Before installing SSPR, determine which directory service you want to use for storing user details and responses to security questions. SSPR includes the following configuration templates for supported directories:
NetIQ eDirectory
Active Directory
Oracle Directory Server
NOTE:You can use the Unspecified template if you are using an unsupported directory.
For more information about specific configurations steps, see Section 2.4, Setting Up Your Environment.
SSPR installation consists of the following steps:
(Conditional) If you are installing SSPR by using the ZIP file, install Tomcat.
Set up a secure channel between the application server and the LDAP server.
See Section 2.3.2, Setting Up a Secure Channel Between the Application Server and the LDAP Server
Install SSPR.
See Installing SSPR
Set up a secure channel between the client and SSPR (optional).
See Section 2.3.4, Setting Up a Secure Channel Between the Client and SSPR (Optional)
For information about how to install Tomcat, see the Tomcat documentation.
You can verify the installation by accessing Tomcat at http://server:port/.
NOTE:Use -Xms1024m -Xmx1024m to control Java heap size. 1024m is only for example. The exact number depends on your system memory. The recommended value is 1 GB. Setting minimum and maximum heap size to the same is a best practice because JVM does not increase heap size at runtime.
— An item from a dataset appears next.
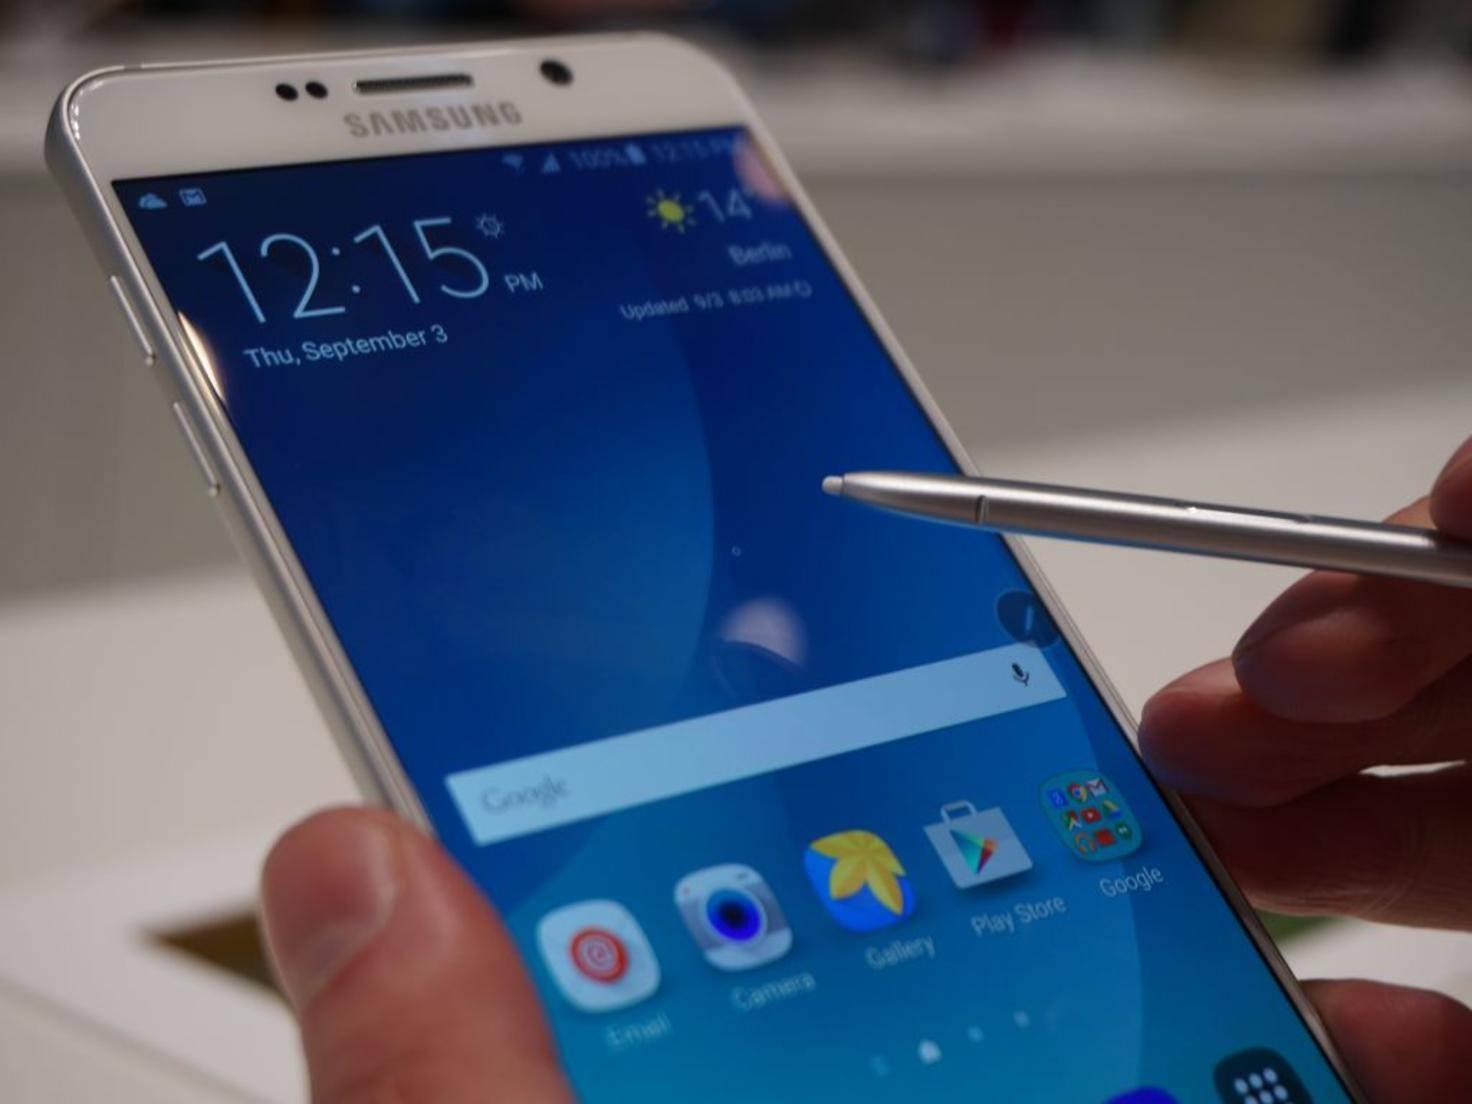 Samsung Galaxy Note 5 2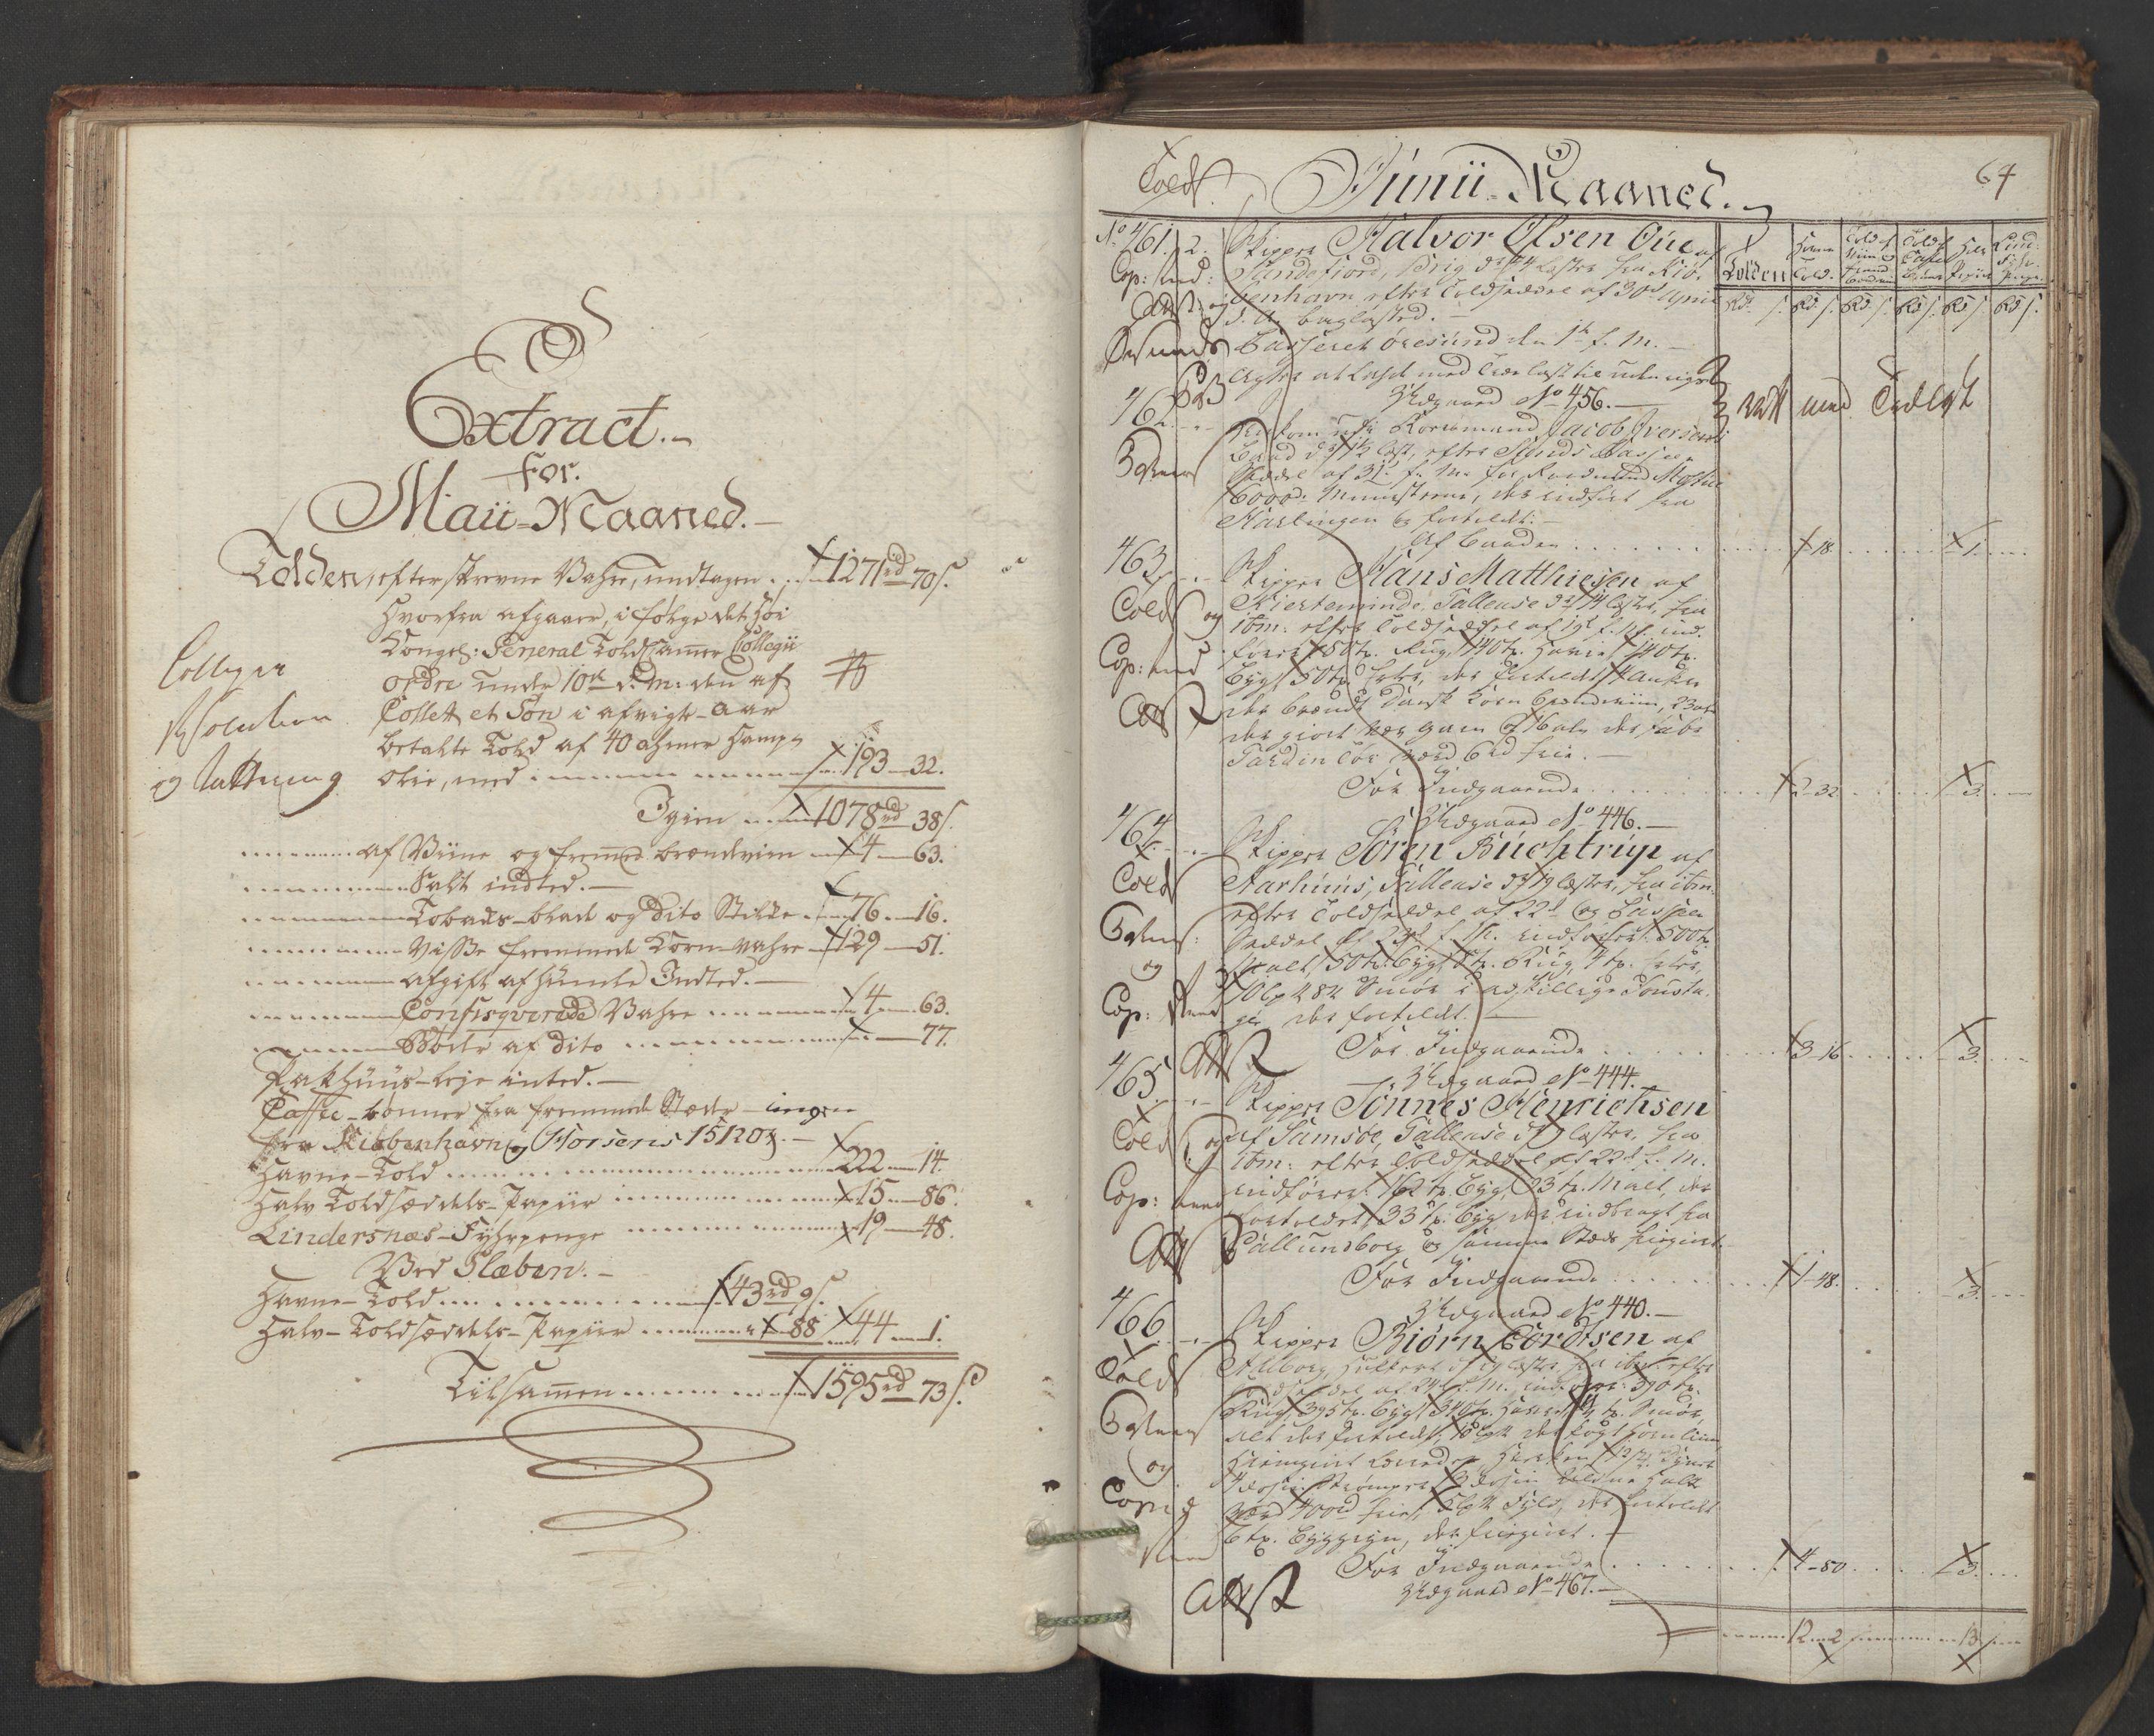 RA, Generaltollkammeret, tollregnskaper, R06/L0173: Tollregnskaper Kristiania, 1788, s. 63b-64a

For more information about how to set Java heap size, see Tomcat documentation.
SSPR must trust the LDAP server’s certificate. To establish a secure channel between an application server and an LDAP server, perform the following steps:
Identify the certificate you want to use. You can use any one of the following certificates:
A certificate issued by a recognized commercial certificate authority. The certificate of this authority should be present in the certificate database. If the server name in the LDAP URL is identical to the common name of the certificate, the certification process is complete.
A certificate issued by a private certificate authority such as Novell iManager or Microsoft Active Directory. In this case, the certificates of that certificate authority need to be imported into the java certificate database.
A self-signed certificate. In this case, import the self-signed certificate in to the java certificate database.
To export the eDirectory certificates by using iManager, see Exporting the SSL Certificate Using iManager.
To export the Active Directory certificates, see Exporting the LDAPS Certificate and Importing for use with AD DS.
Import certificates in to the Java keystore by performing any one of the following ways:
Using SSPR: In Configuration Manager, click Actions > Import LDAP Server Certificates.
You can also import certificates during configuring the LDAP directory through the Configuration Guide.
Manually
On Windows: Use keytool to import the file.
cd <JAVA_HOME>\jre\bin keytool -importcert -alias <alias> -file <filepath> -keystore ..\lib\security\cacerts -storepass <password>
keytool prompts for a password. The default password is changeit.
The certificate database is located in the following location:
JAVA_HOME\lib\security\cacerts
JAVA_HOME is the directory where Java is installed.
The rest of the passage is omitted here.